I've held both in a shop, (couldn't shoot because they don't rent those models), and they both felt good. 
I've heard nothing but rave reviews about the Ruger and its accuracy. Unfortunately, I couldn't find that many reviews/videos of the 1911. I know there's about a hundred dollar difference between the two, and I was wondering if that one hundred dollar difference was worth it.
My plan is to get another handgun of higher caliber sometime in the future, but right now I'm focusing on cheap ammo = lots more shooting.


----------



## cooper623

Well, im a die hard sig fan. simply put sig doesnt make shit. they know what they are doing and make great stuff, in my opinion the best stuff. that being said i am not familiar with the sig 1911 .22. However, i have a ruger MK III and have nothing but good things to say about it. They definitely have two different feels to them so i would say go with whichever one feels better in your hand and has a better trigger pull in your opinion. In reality, its hard to go wrong with either.


----------



## C1

Another option is a Ruger 22/45. This is chambered in .22LR with the same grip angle as a standard .45 ACP 1911.


----------



## hideit

pure accuracy the ruger but higher fun quotent are the new 1911-22's
i have yet to read about the accuracy at 25yds with the new 1911-22's
taking the ruger apart is tricky but can be learned


----------



## cooper623

+1 on hard to take apart with the MKIII. it has a really odd mechanism on the backstrap that you have to mess with to get it taken down completely. Also, putting it back together is no easy task either. Thats is a definite benefit tot he 1911 .22, it will take down like a 1911 and be easy.


----------



## GMofOLC

C1 said:


> Another option is a Ruger 22/45. This is chambered in .22LR with the same grip angle as a standard .45 ACP 1911.

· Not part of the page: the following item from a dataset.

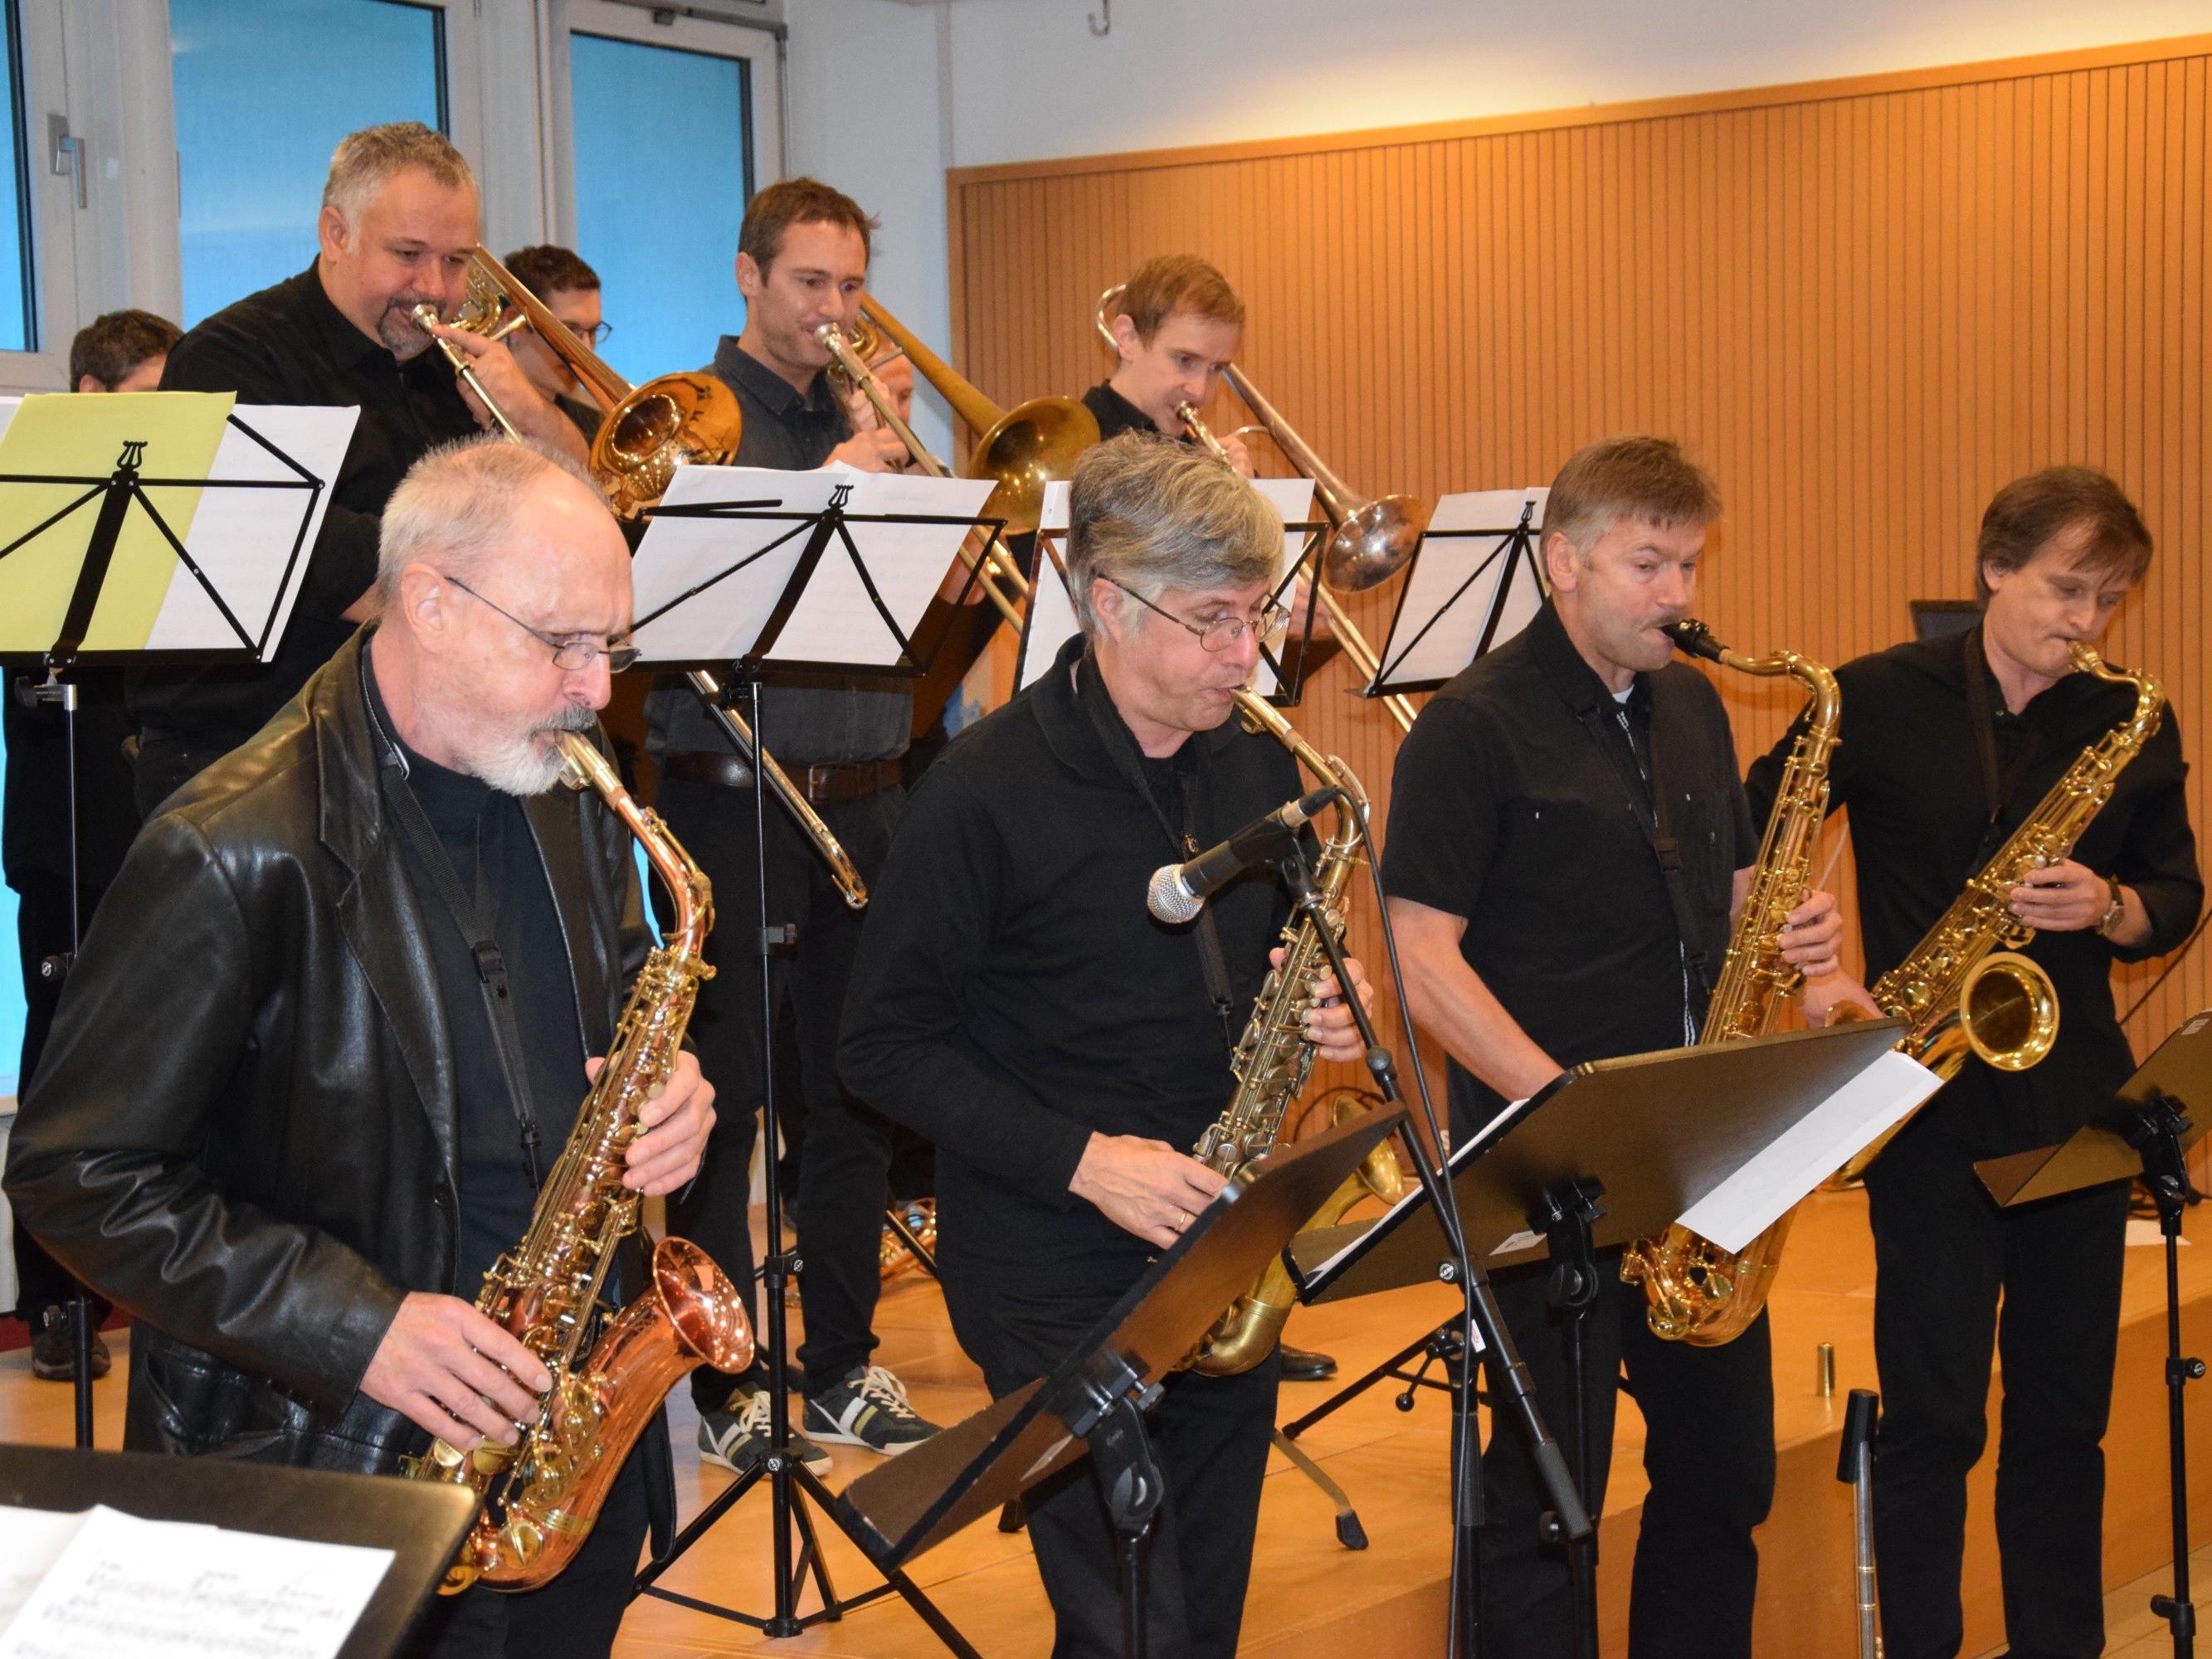 Höhepunkt des Neujahrskonzertes in der Aula des BORG Götzis: Der Auftritt der Swing Werk Big Band

To be fair, from what I've read and how I feel personally, I don't think the grip angle is what gets most people wanting a 1911. It's the look + the feel. And the Ruger 22/45 barrels look nothing like a 1911.
However, that could be a completely wrong assumption.

As to other claims, I don't feel like the difficulty in taking a weapon apart should factor that much into it's purchase decision.

And after those claims/defenses, I believe I'm leaning towards the Ruger MkIII Hunter.
Thanks all!


----------



## talldrink

The Ruger MK pistols are not that difficult to take down and put back together. Yes, it is a unique procedure, but anyone with the smallest amount of patience and can follow directions will be able to break one down and reassemble in no time after learning the process. 

Anyway.....
.22 1911 or a ruger would = a good time! No matter how you look at it you can't go wrong!


----------



## JRoddicles

I actually own the Sig 1911-22. While I really like the feel and the accuracy here are are a few of things to consider;
- while it's sold under the Sig label it is not manufactured by Sig. I found this out when I had to call Sig Customer Service. It is manufactured for Sig in Germany. (I'm pretty sure it's made by GSG, side by side they are identical.)
- I called because the recoil spring guide broke after about 900 rounds (27 days). The guide rod is cheap pot metal. The rod guides where out of stock and on back order through manufacturer. Took about 3 weeks to receive.
- Searching through the internet, the guide rod malfunction seems to be an issue in both the Sig and GSG 1911-22. Replacement part is the identical cheap pot metal part.
- A GSG version of the 1911-22 is $80-$100 cheaper.


----------



## hideit

JRoddicles said:


> I actually own the Sig 1911-22. While I really like the feel and the accuracy here are are a few of things to consider;
> - while it's sold under the Sig label it is not manufactured by Sig. I found this out when I had to call Sig Customer Service. It is manufactured for Sig in Germany. (I'm pretty sure it's made by GSG, side by side they are identical.)
> - I called because the recoil spring guide broke after about 900 rounds (27 days). The guide rod is cheap pot metal. The rod guides where out of stock and on back order through manufacturer. Took about 3 weeks to receive.
> - Searching through the internet, the guide rod malfunction seems to be an issue in both the Sig and GSG 1911-22. Replacement part is the identical cheap pot metal part.
> - A GSG version of the 1911-22 is $80-$100 cheaper.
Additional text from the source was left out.